Звезды и немного нервно - Страница 8
… – В последние годы жизни Бетховен оглох, ушел в себя, был одинок…
Монгольская группа выслушивает эту печальную повесть в недоуменном молчании. Возможно, потеря слуха не кажется им экзистенциальной катастрофой.
– Он оглох, – повторяет профессор, – ушел в себя, у него осталось мало друзей, не было любящей женщины, он был очень одинок…
Все напряженно молчат, но вдруг лицо одного из слушателей озаряется улыбкой узнавания – он нащупал логическую цепочку, понятную любому кочевнику.
– Одинокий – одиногий – один нога! Один нога – никто любить не будет!!
В другой раз излагается сюжет «Кармен» и тоже падает, как в вату. Добросовестное внимание слушателей держится на исходной настороженной ноте, не только не получая финального разрешения, но, по-видимому, не вовлекаясь и в завязку. Драма любви, ревности и смерти почему-то не берет монголов за живое. Но вот наступает просветление:
– Товарищ профессор! Я понял!! Он был женщина!!!

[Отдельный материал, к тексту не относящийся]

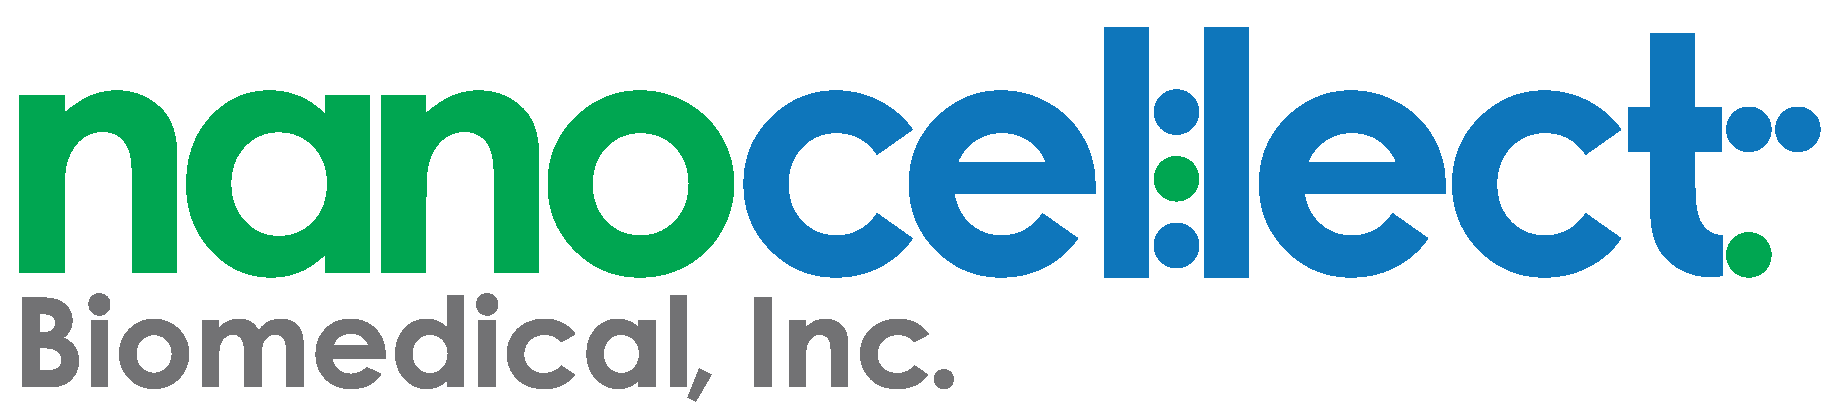 nanocellect_logo_biomed_2 copyv2
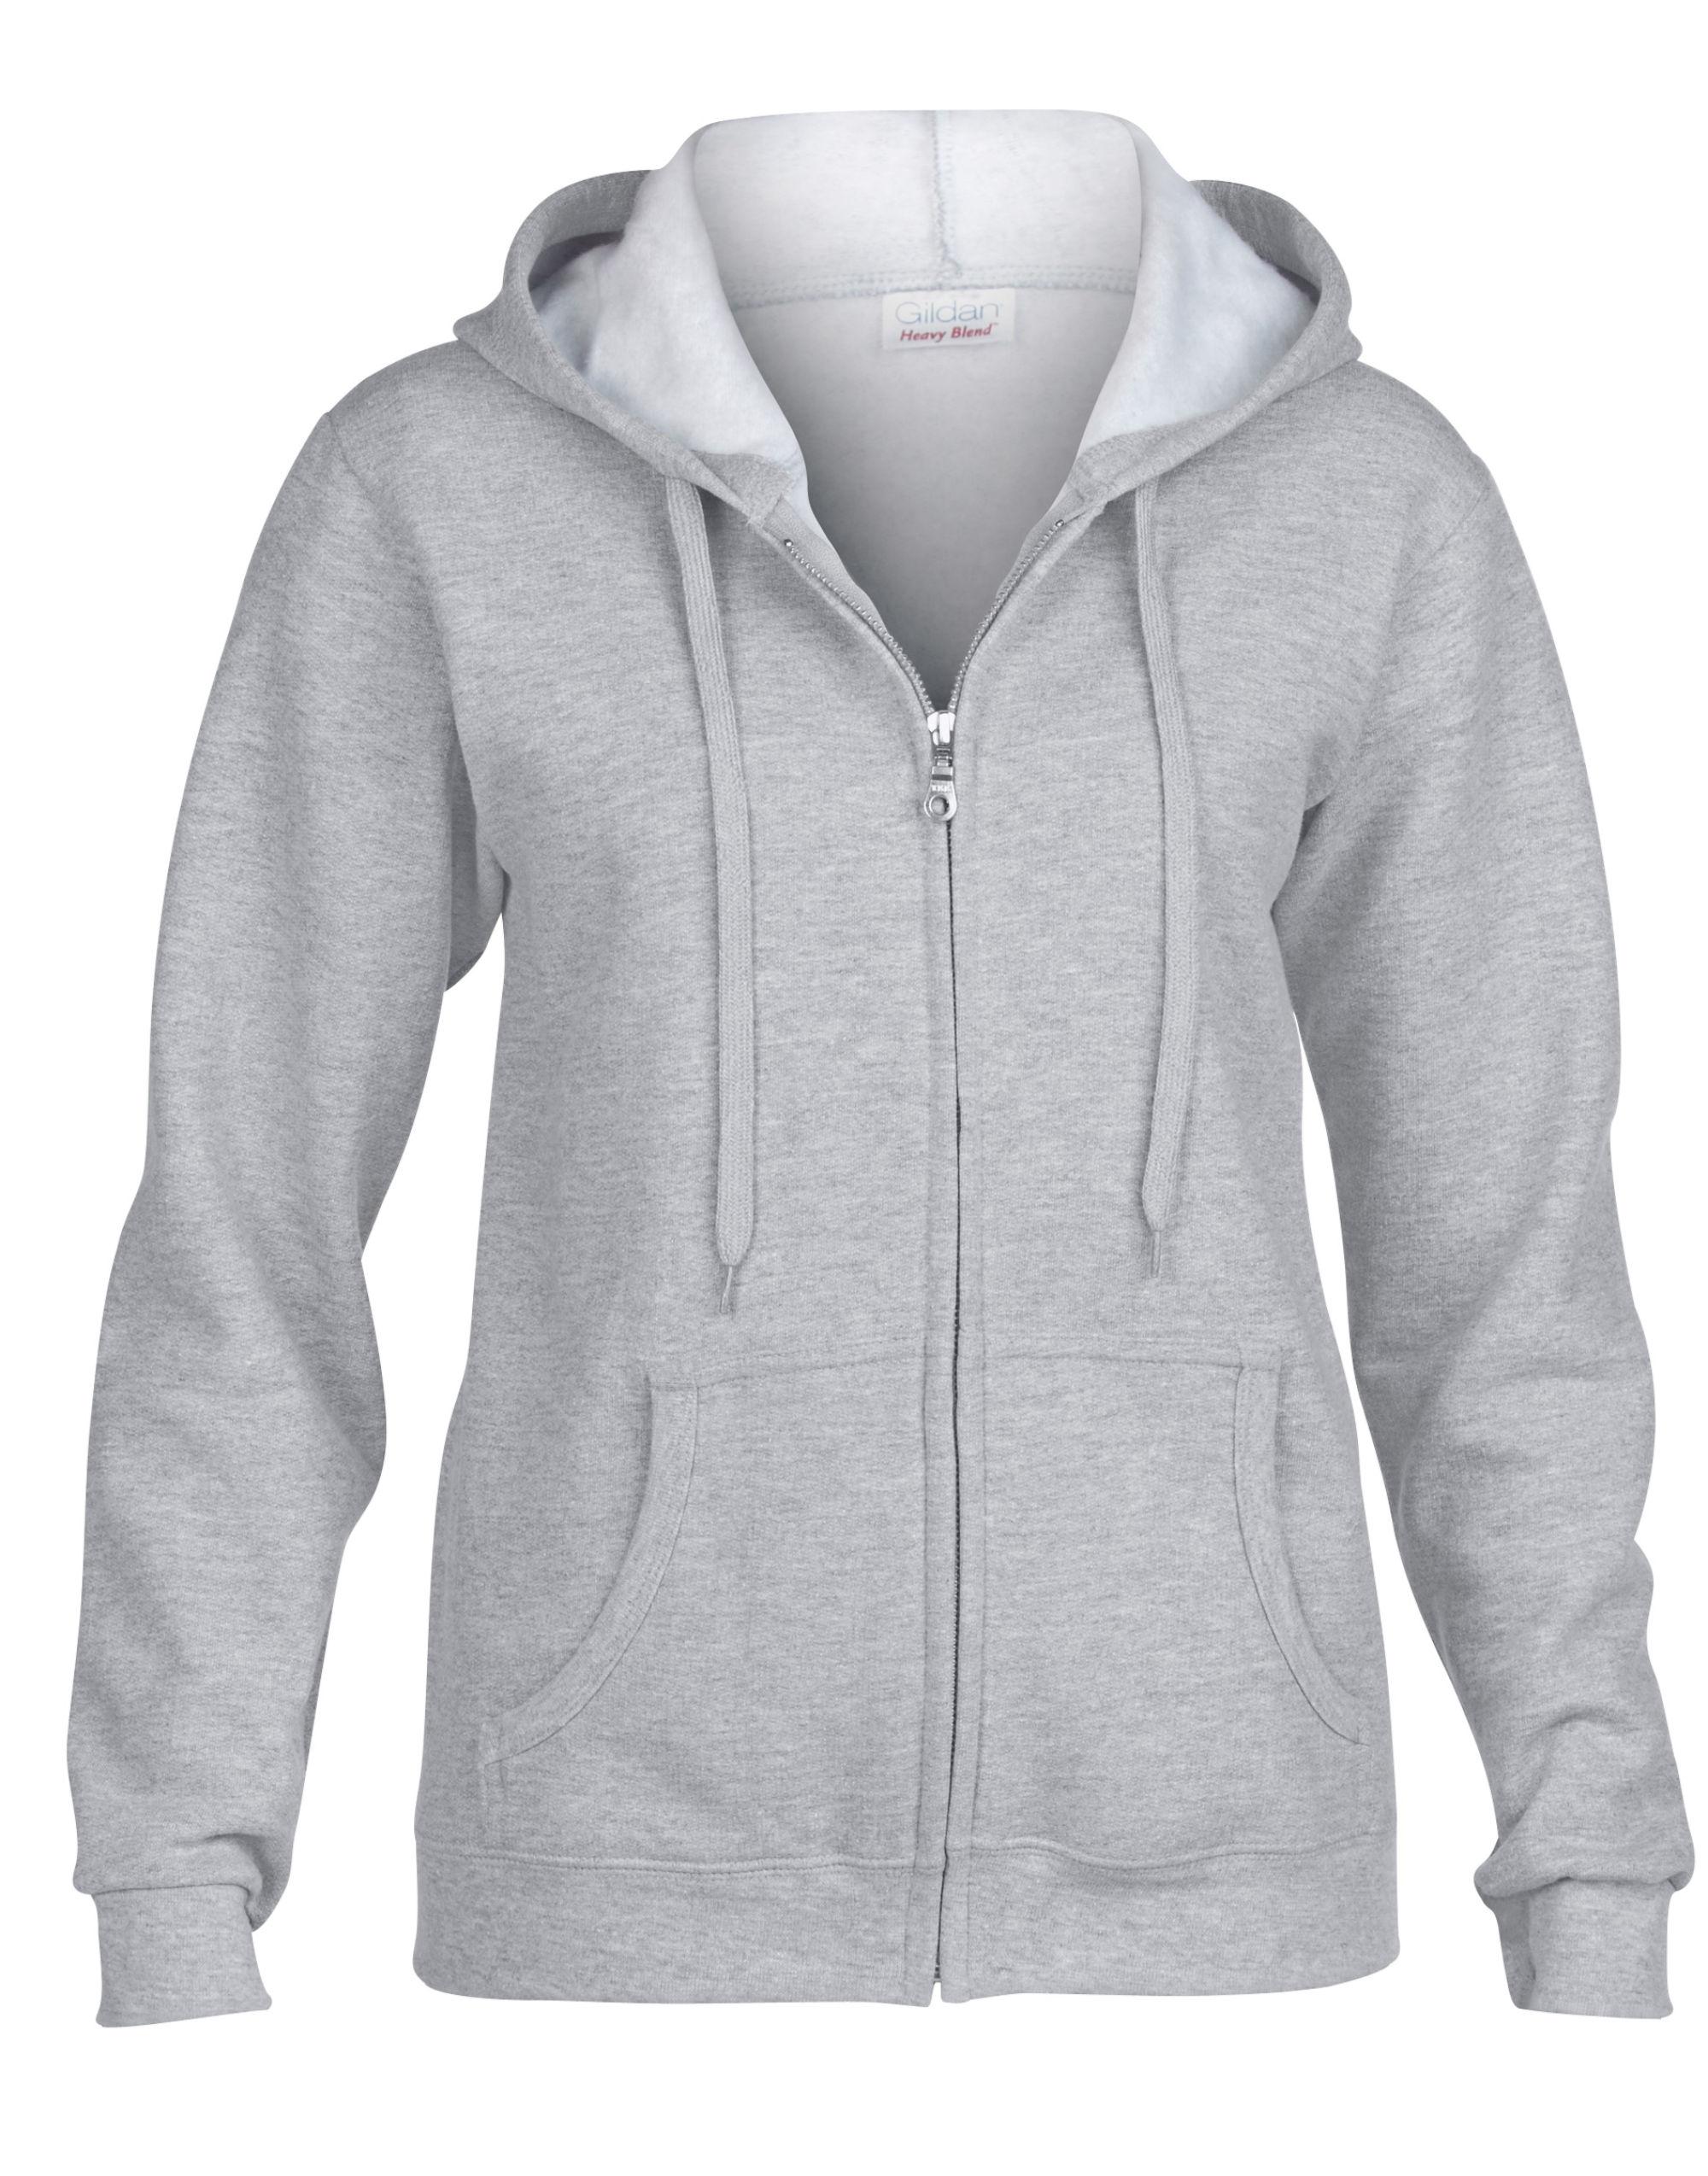 Heavy Blend Ladies' Fulll Zip Hood Sweat

В монгольском языке категория рода отсутствует не только у глаголов, как, скажем, в английском, но и у личных местоимений; «он» и «она» – одно и то же слово. Поэтому интеллектуальный прорыв неизвестного номада не уступает будущим западным прозрениям в области гендера. (Сегодняшнего американского первокурсника не поставил бы в тупик и Кармен-мужчина. Впрочем, по линии эротического дальтонизма монгольские духовики оказываются в почетной компании Льва Толстого, вычеркнувшего из своего массового издания чеховской «Душечки» нежные прикосновения к героине мужчин, но не женщин.)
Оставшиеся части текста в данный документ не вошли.